INTENSE Statistics

driada.intense.stats.chebyshev_ineq(data, val)[source]

Calculate upper bound on tail probability using Chebyshev’s inequality.

Parameters:
  • data (array-like) – Sample data to estimate mean and std from. Must have non-zero variance.

  • val (float) – Value to compute tail probability for.

Returns:

p_bound – Upper bound on P(X >= val) based on Chebyshev’s inequality.

Return type:

float

Raises:

ValueError – If data has zero variance (all values are identical).

Notes

Chebyshev’s inequality states that P(abs(X - μ) >= k*σ) <= 1/k² This gives P(X >= val) <= 1/z² where z = (val - μ)/σ

driada.intense.stats.get_lognormal_p(data, val)[source]

Calculate p-value assuming log-normal distribution.

Parameters:
  • data (array-like) – Sample data to fit log-normal distribution. Must contain positive values.

  • val (float) – Observed value to compute p-value for.

Returns:

p_value – P(X >= val) under fitted log-normal distribution.

Return type:

float

Raises:

ValueError – If data contains non-positive values.

Notes

Fits log-normal distribution with floc=0 (zero lower bound). Log-normal distribution is suitable for positive-valued data.

driada.intense.stats.get_gamma_p(data, val)[source]

Calculate p-value assuming gamma distribution.

Parameters:
  • data (array-like) – Sample data to fit gamma distribution. Must contain positive values.

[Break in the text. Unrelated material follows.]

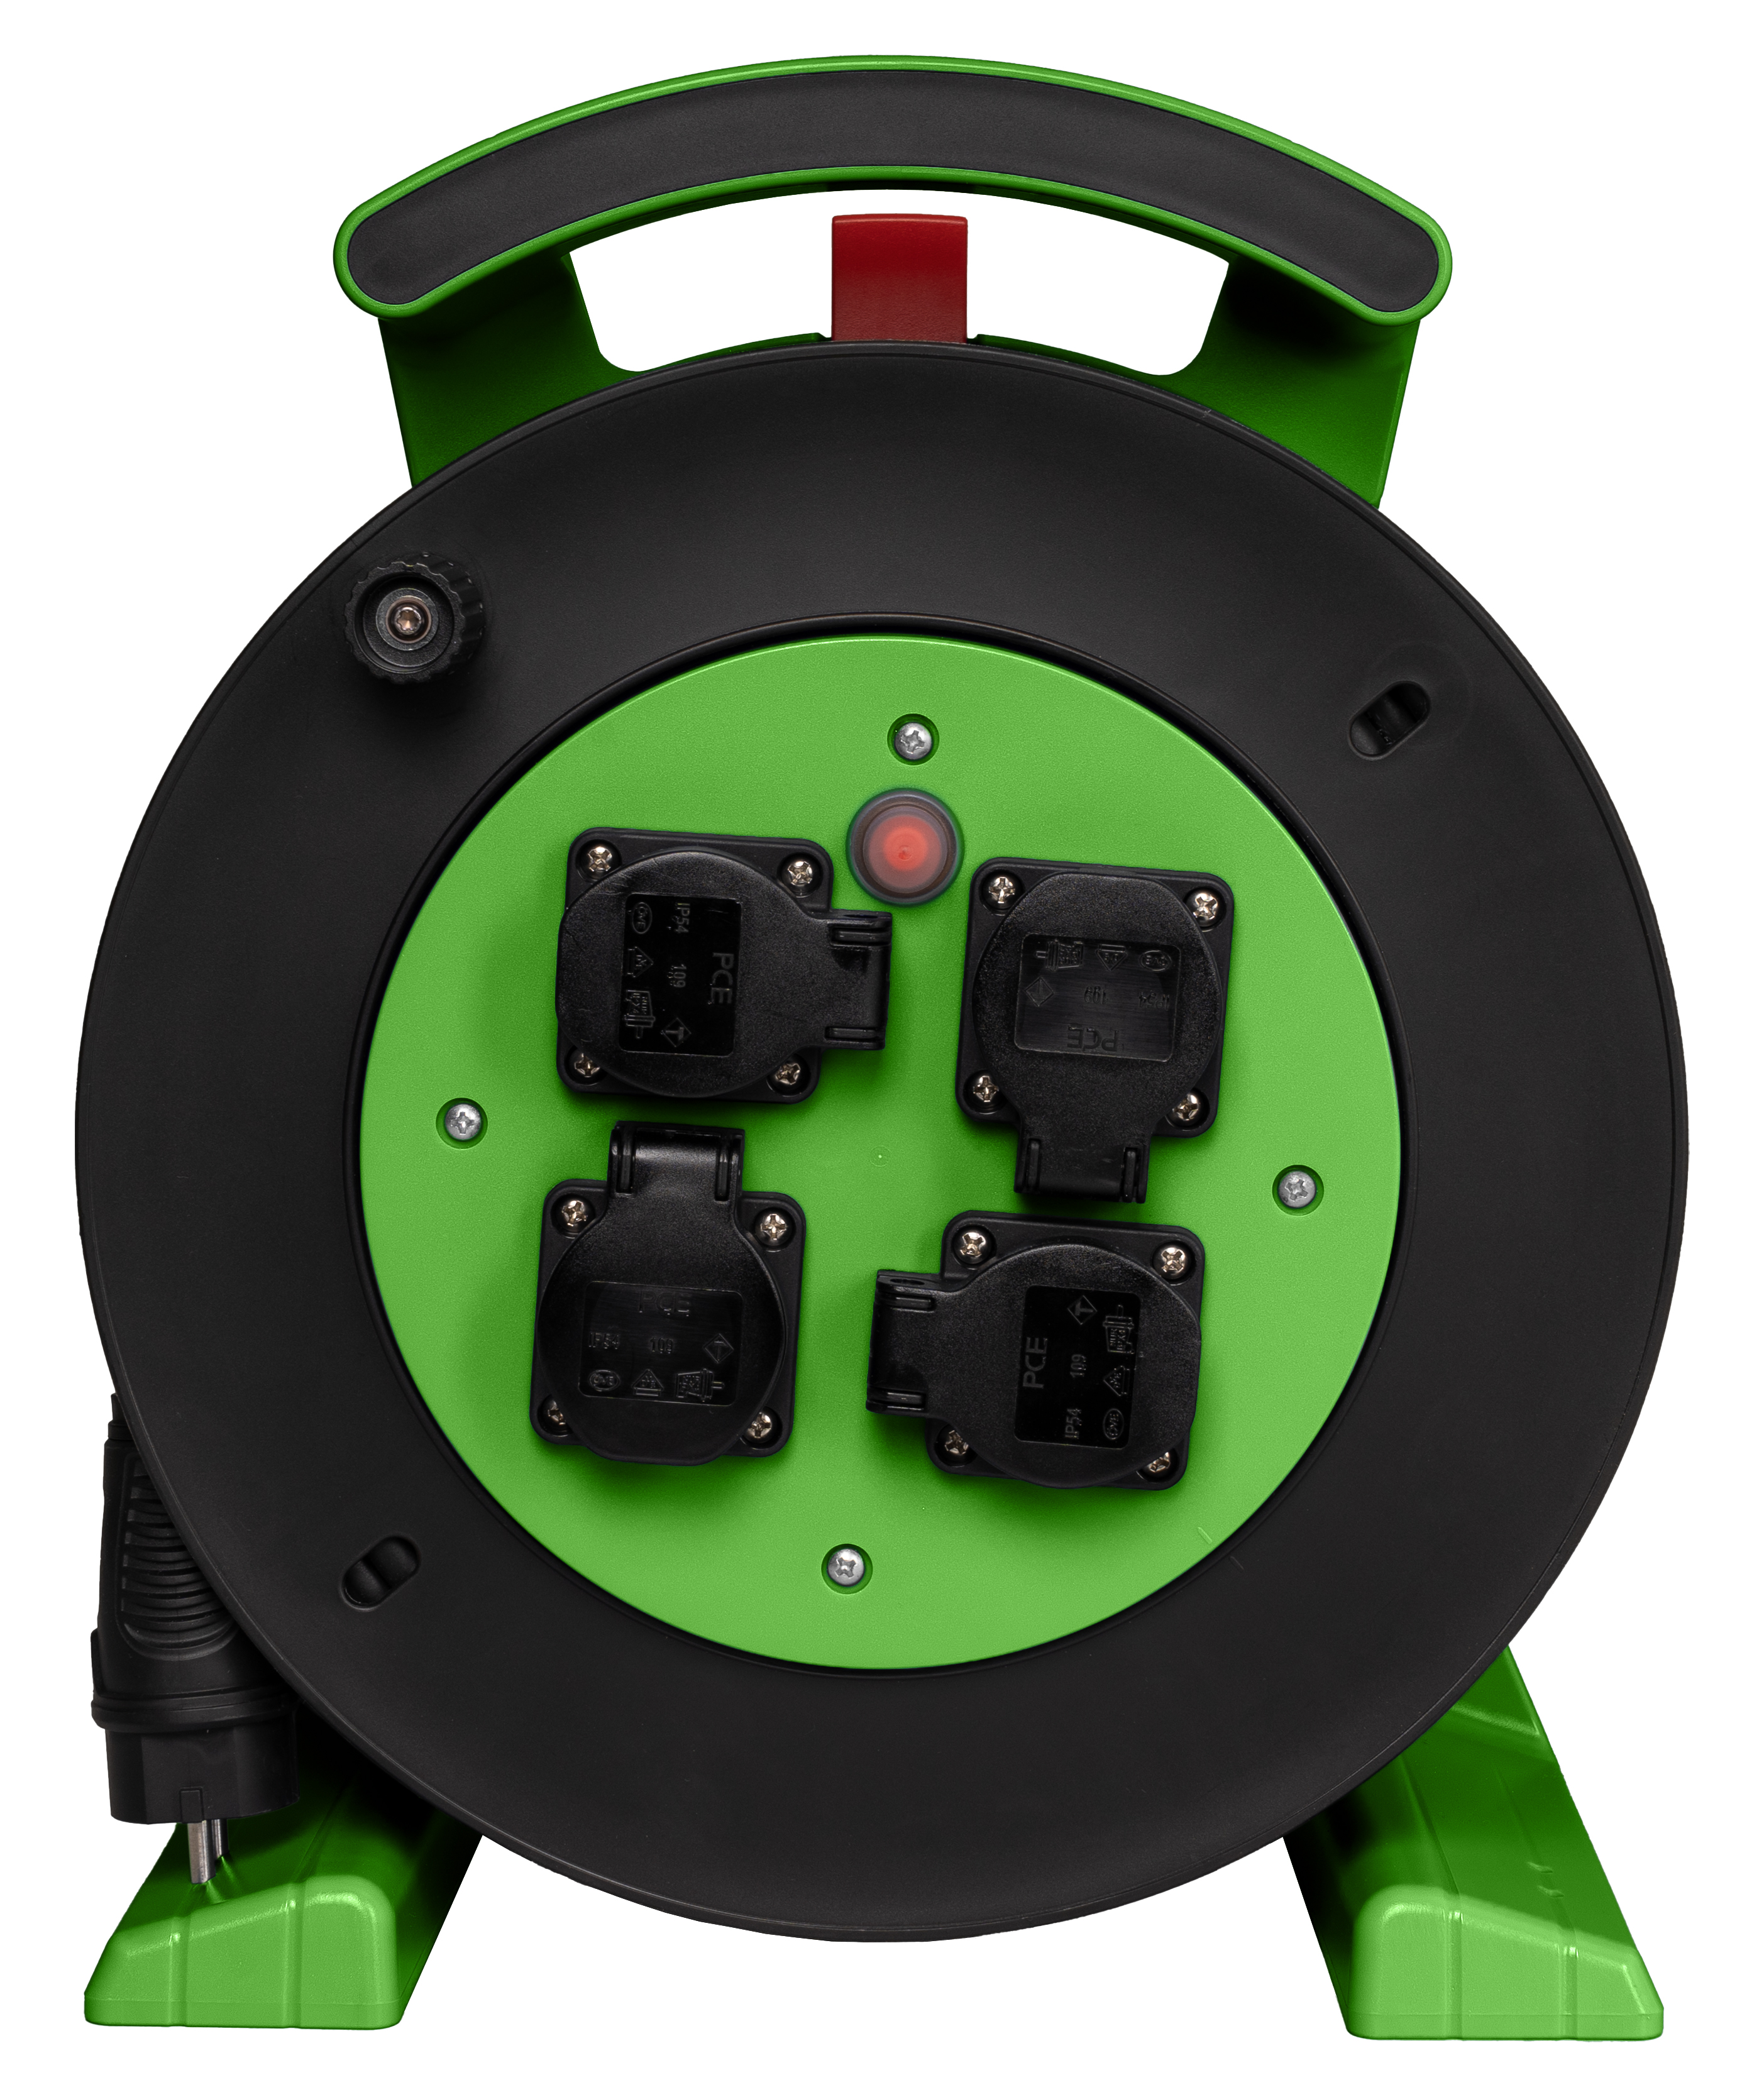 Kabeltrommel grün-schwarz, 4 x Schutzkontakt-Steckdose, H07RN-F 3 G 1,5 mm², 40 m JUMBO L 2.0

  • val (float) – Observed value to compute p-value for.

Returns:

p_value – P(X >= val) under fitted gamma distribution.

Return type:

float

Raises:

ValueError – If data contains non-positive values.

Notes

Fits gamma distribution with floc=0 (zero lower bound). Gamma distribution is suitable for positive-valued data.

driada.intense.stats.get_gamma_zi_p(data, val, zero_threshold=1e-10)[source]

Calculate p-value using zero-inflated gamma (ZIG) distribution.

Parameters:
  • data (array-like) – Sample data to fit ZIG distribution (typically shuffled MI values). Can contain zeros and positive values.

  • val (float) – Observed value to compute p-value for.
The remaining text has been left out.